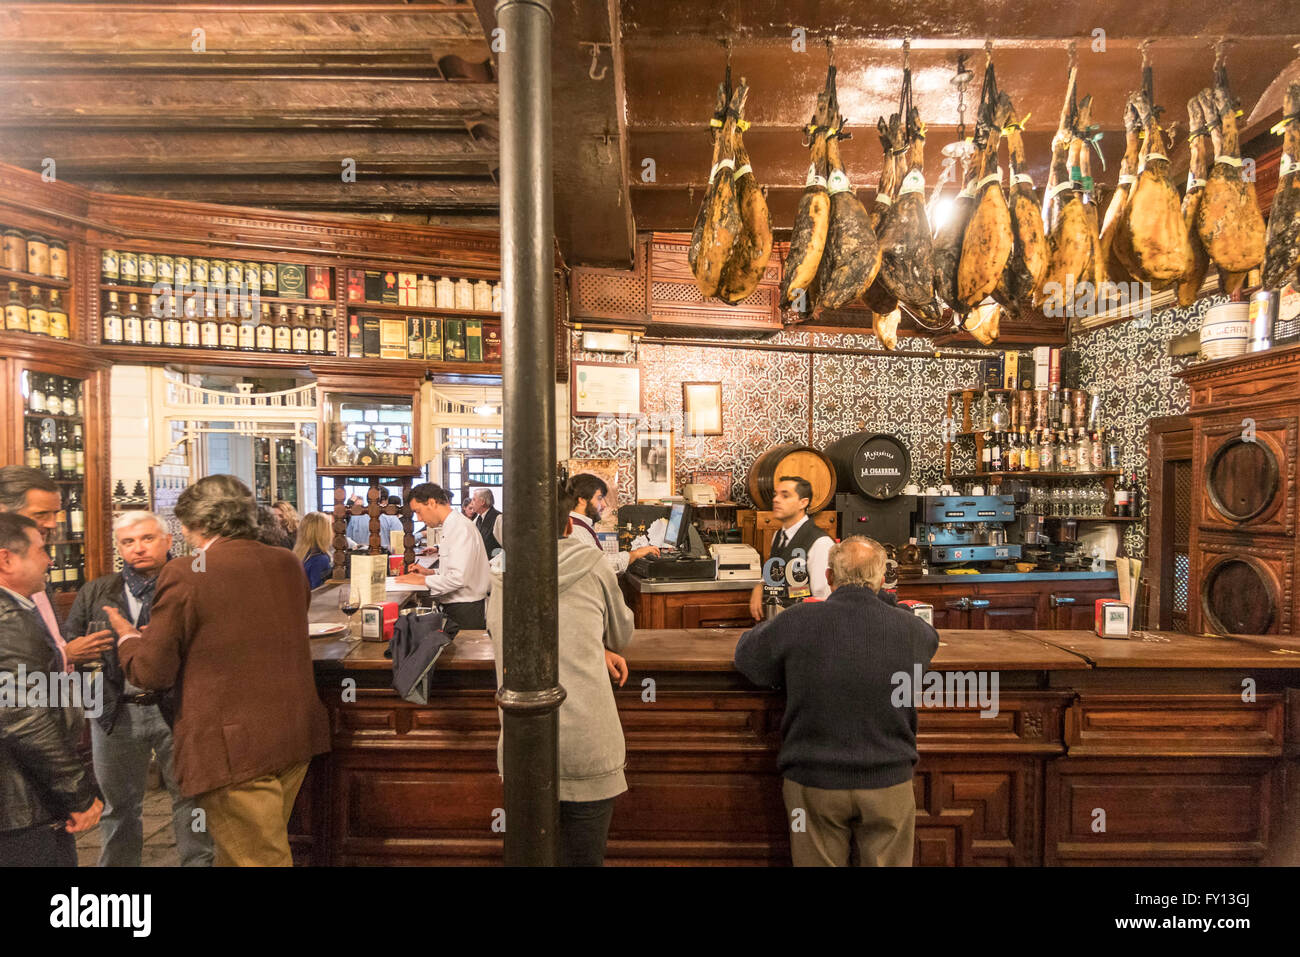 El Rinconcillo älteste Tapas-Bar in Sevilla, spanisches Restaurant, gegründet 1670, Andalusien, Spanien, Stockfoto
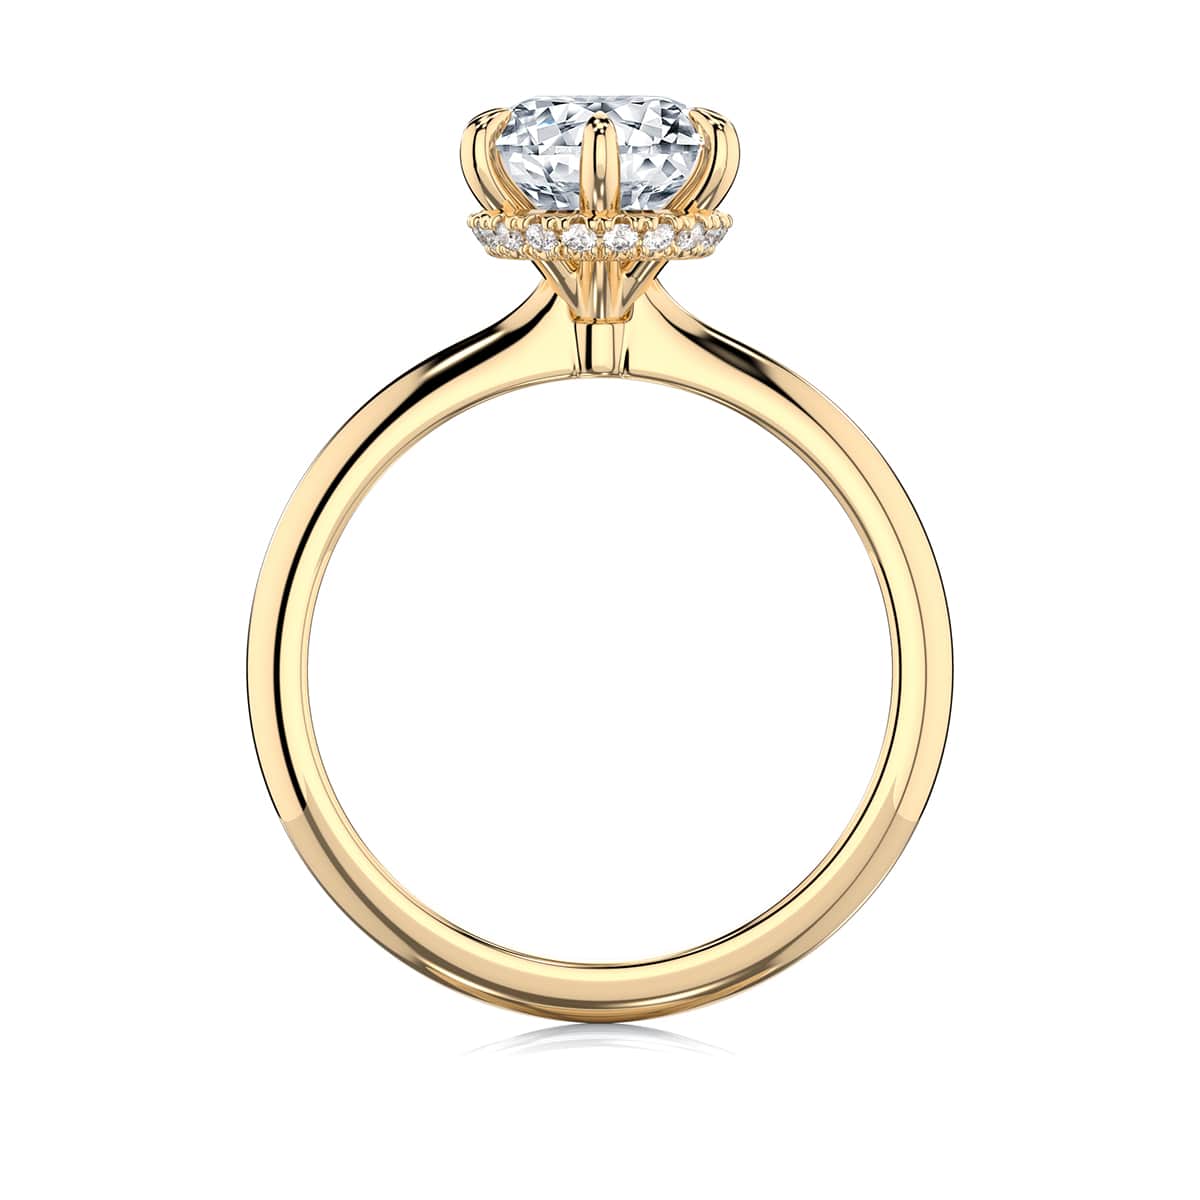 Rebarto Round Diamond Solitaire Engagement Ring in Yellow Gold
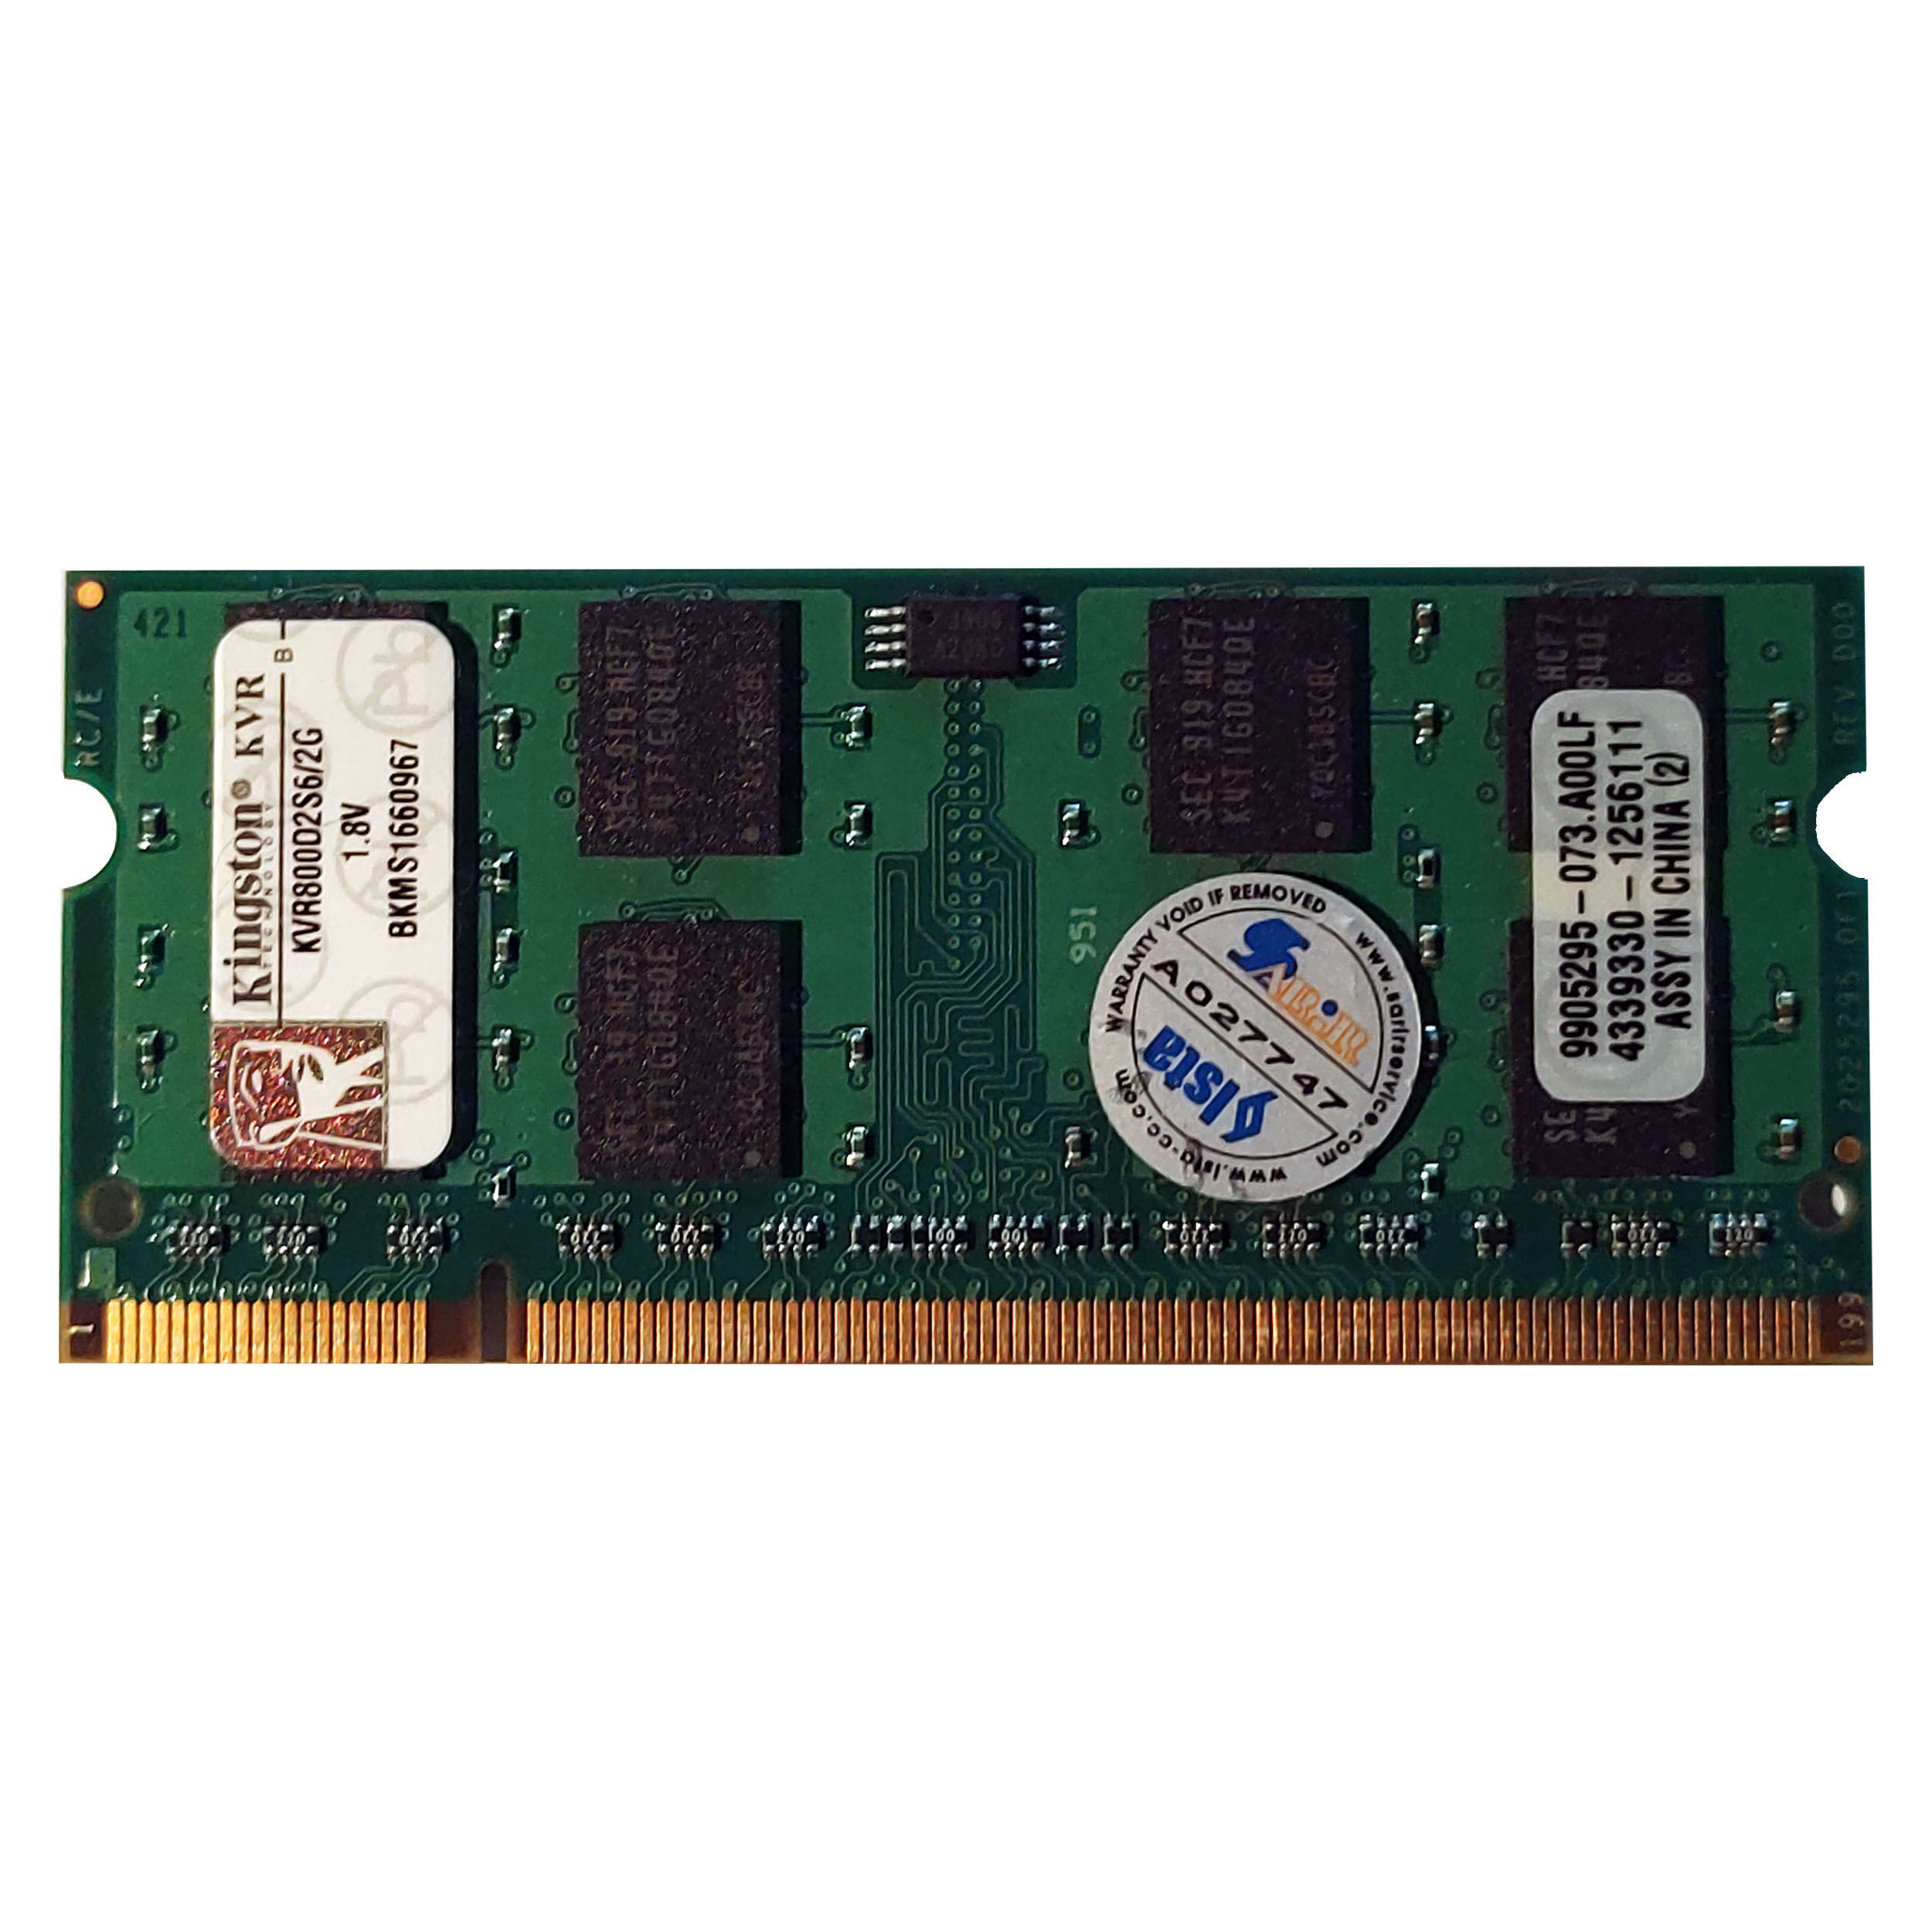 رم لپ تاپ DDR2 تک کاناله 800 مگاهرتز CL6 کینگستون مدل KVR800D2S6/2G ظرفیت 2 گیگابایت
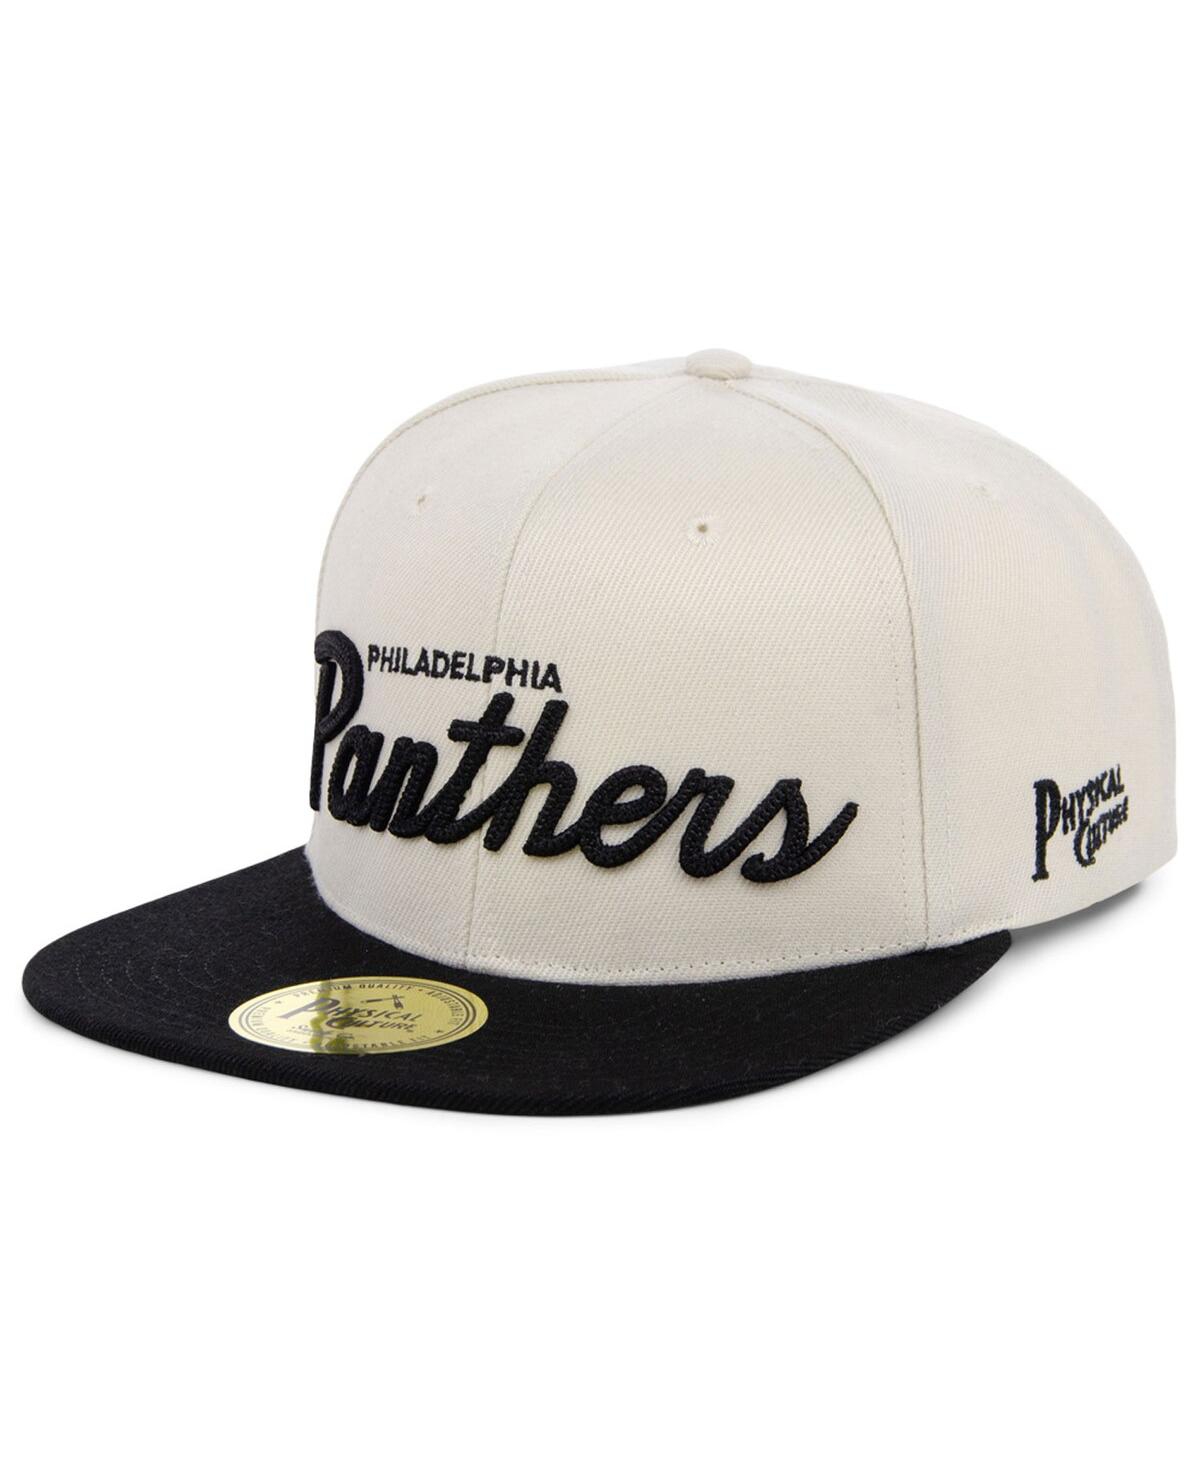 Men's Physical Culture Cream Philadelphia Panthers Black Fives Snapback Adjustable Hat - Cream

_What you have to do_:
The task requires that every line above be transcribed exactly, without the images.

_Result_:
 El Rinconcillo älteste Tapas-Bar in Sevilla, spanisches Restaurant, gegründet 1670, Andalusien, Spanien, Stockfoto
 Rebarto Round Diamond Solitaire Engagement Ring in Yellow Gold
 رم لپ تاپ DDR2 تک کاناله 800 مگاهرتز CL6 کینگستون مدل KVR800D2S6/2G ظرفیت 2 گیگابایت
 Men's Physical Culture Cream Philadelphia Panthers Black Fives Snapback Adjustable Hat - Cream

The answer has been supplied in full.